The Japanese Journal of Clinical Dialysis Vol.21 No.9(17)

Theme The Various Uremic Symptomes and their Causative Substances
Title Dyslipidemia in renal failure
Publish Date 2005/08
Author Takahiro Ueno Division of Nephrology and Endocrinology, Department of Medicine, Nihon University School of Medicine
[ Summary ] It is well known that atherosclerotic diseases are major causes of mortality in patients with chronic renal failure (CRF). They are caused by numerous factors, defined as risk factors. One of these factors, dyslipidemia, is often observed in patients with CRF. The prominent features of uremic dyslipidemia are an increased levels of plasma triglycerides and a reduction in HDL cholesterol.
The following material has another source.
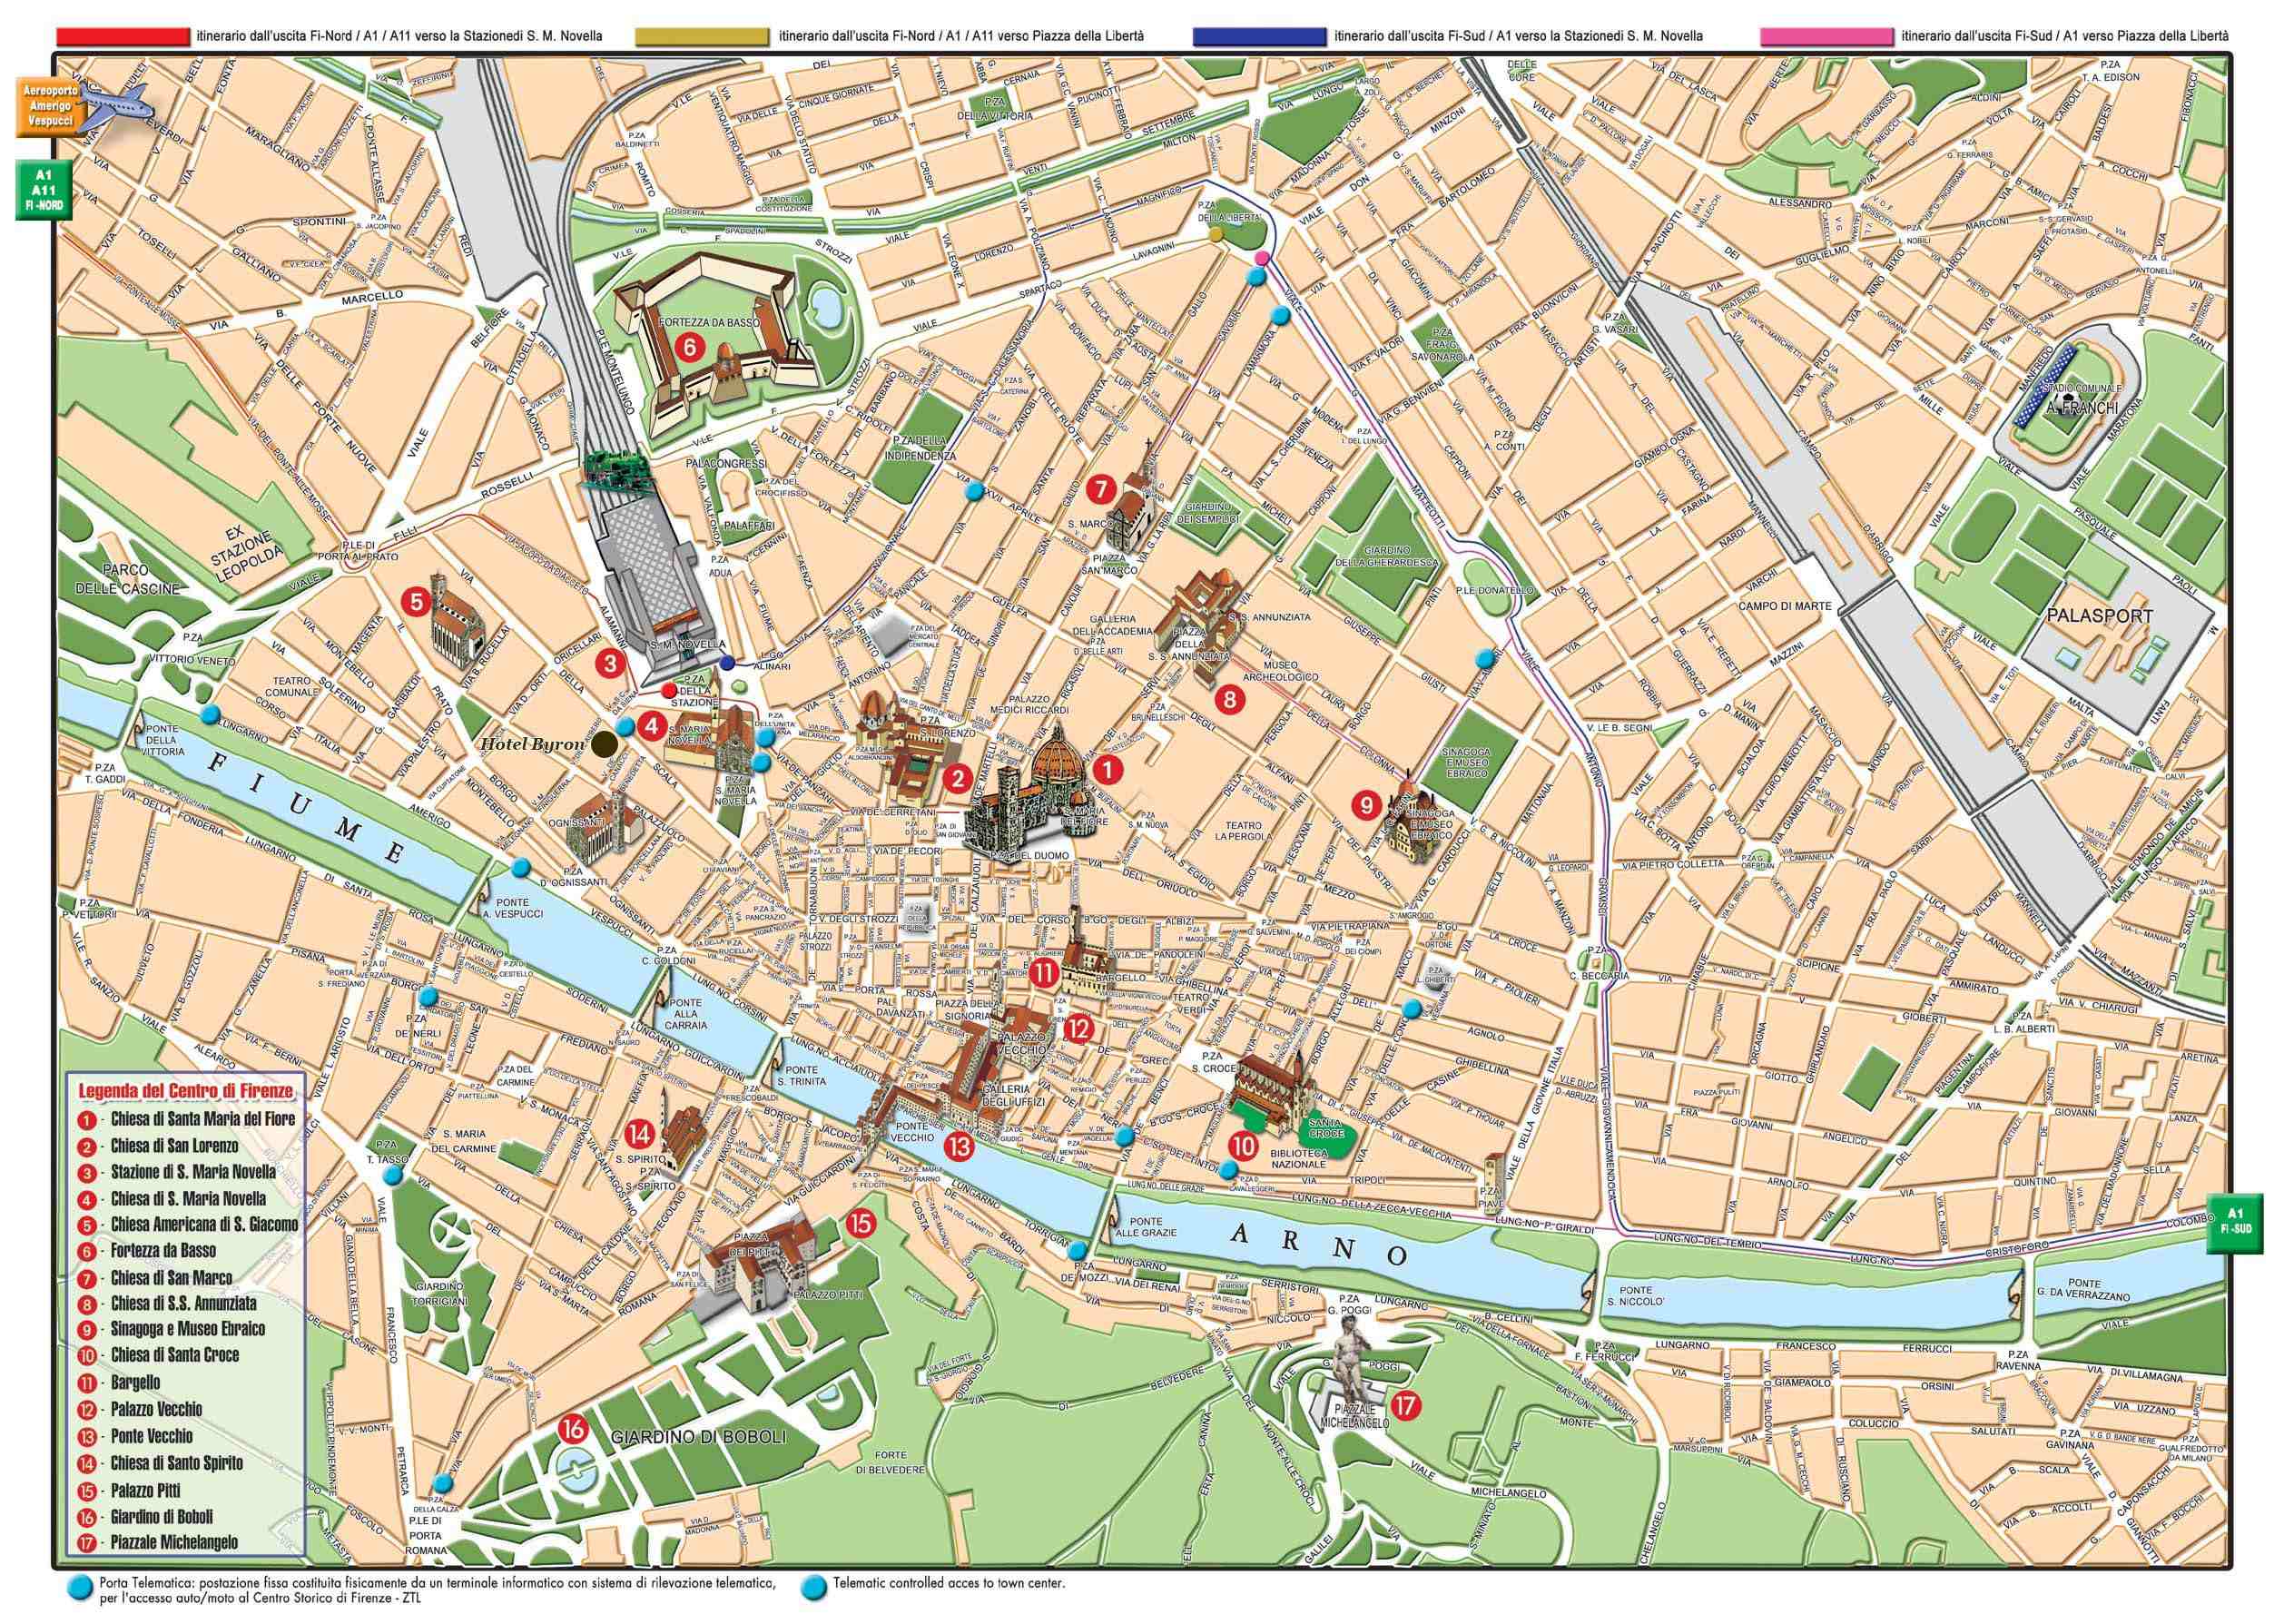 Mapa, plano y callejero de Florencia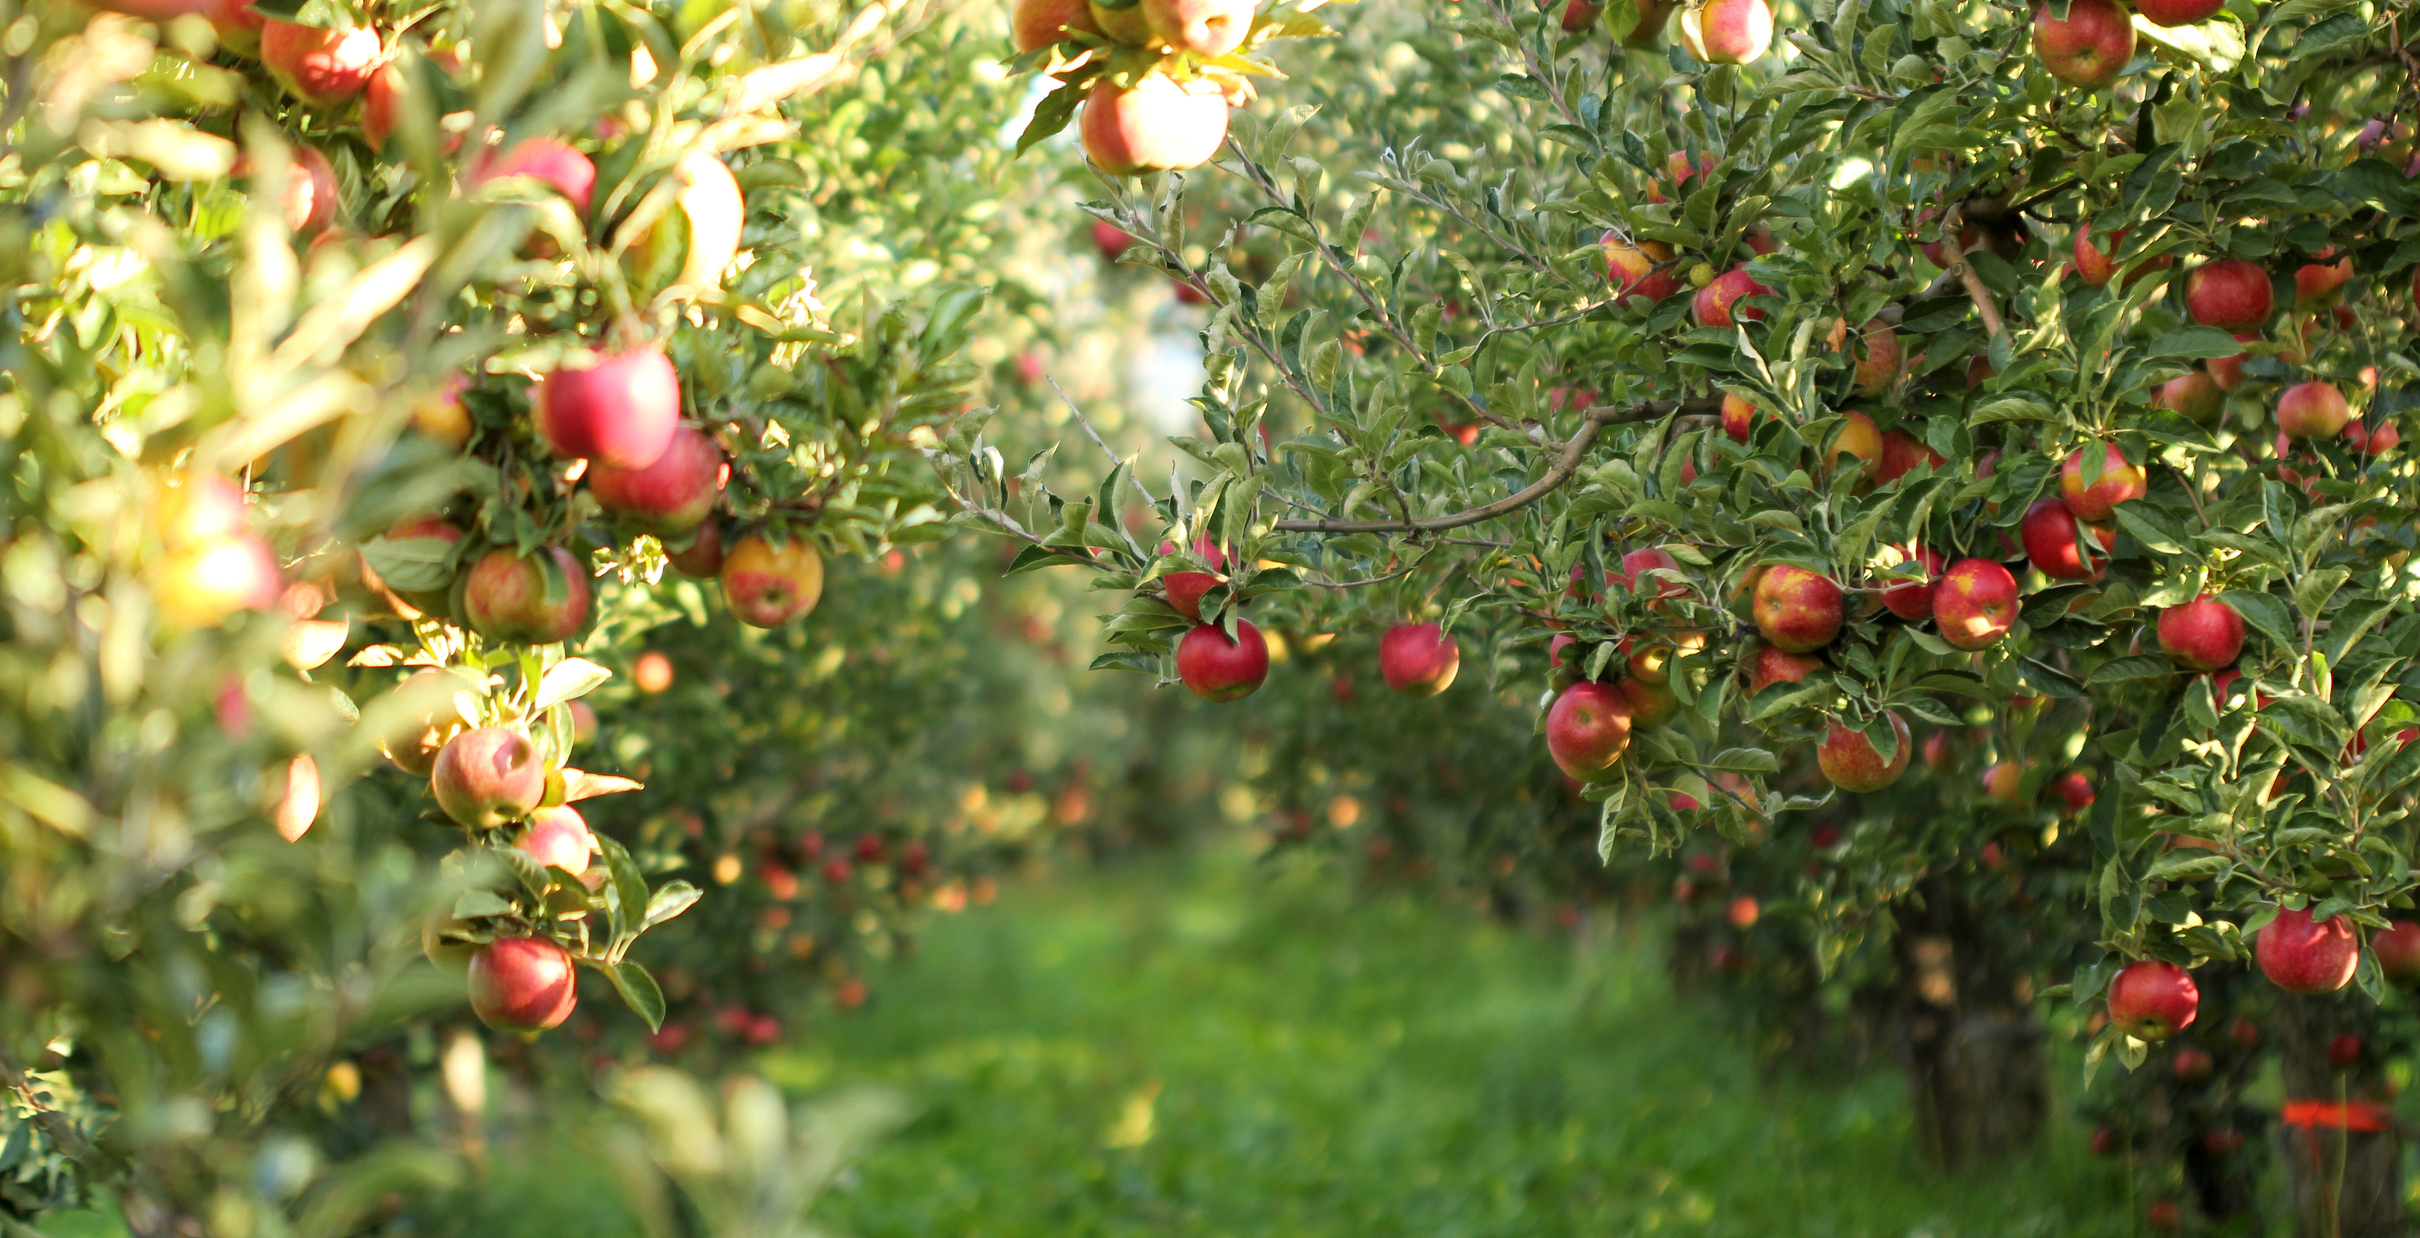 「りんごDX」実証実験開始─IoTスマート農業による持続可能なりんご産業の実現へ

On the other hand, CRF is associated with oxidative stress that promotes production of reactive oxygen species. In patients undergoing maintenance hemodialysis treatment, this condition is usually present with plasma carnitine insufficiency. This is due to accumulations of metabolic intermediates combined with impaired carnitine biosynthesis, reduced protein intake and increased removal via hemodialysis. Several studies have indicated that L-cartinine supplementation may be of some benefit in the prevention of atherosclerosis.
For reduction of oxdative stress, high doseage supplementation with α-tocopherol also has been shown to reduce cardiovascular risk in studies of hemodialysis patients with preexisting cardiovascular disease.
Moreover, it is essential to study the supposed mechanisms of uremic dyslipidemia, since optimal treatment is essential for the prevention or delay of cardiovascular complications in patients with CRF.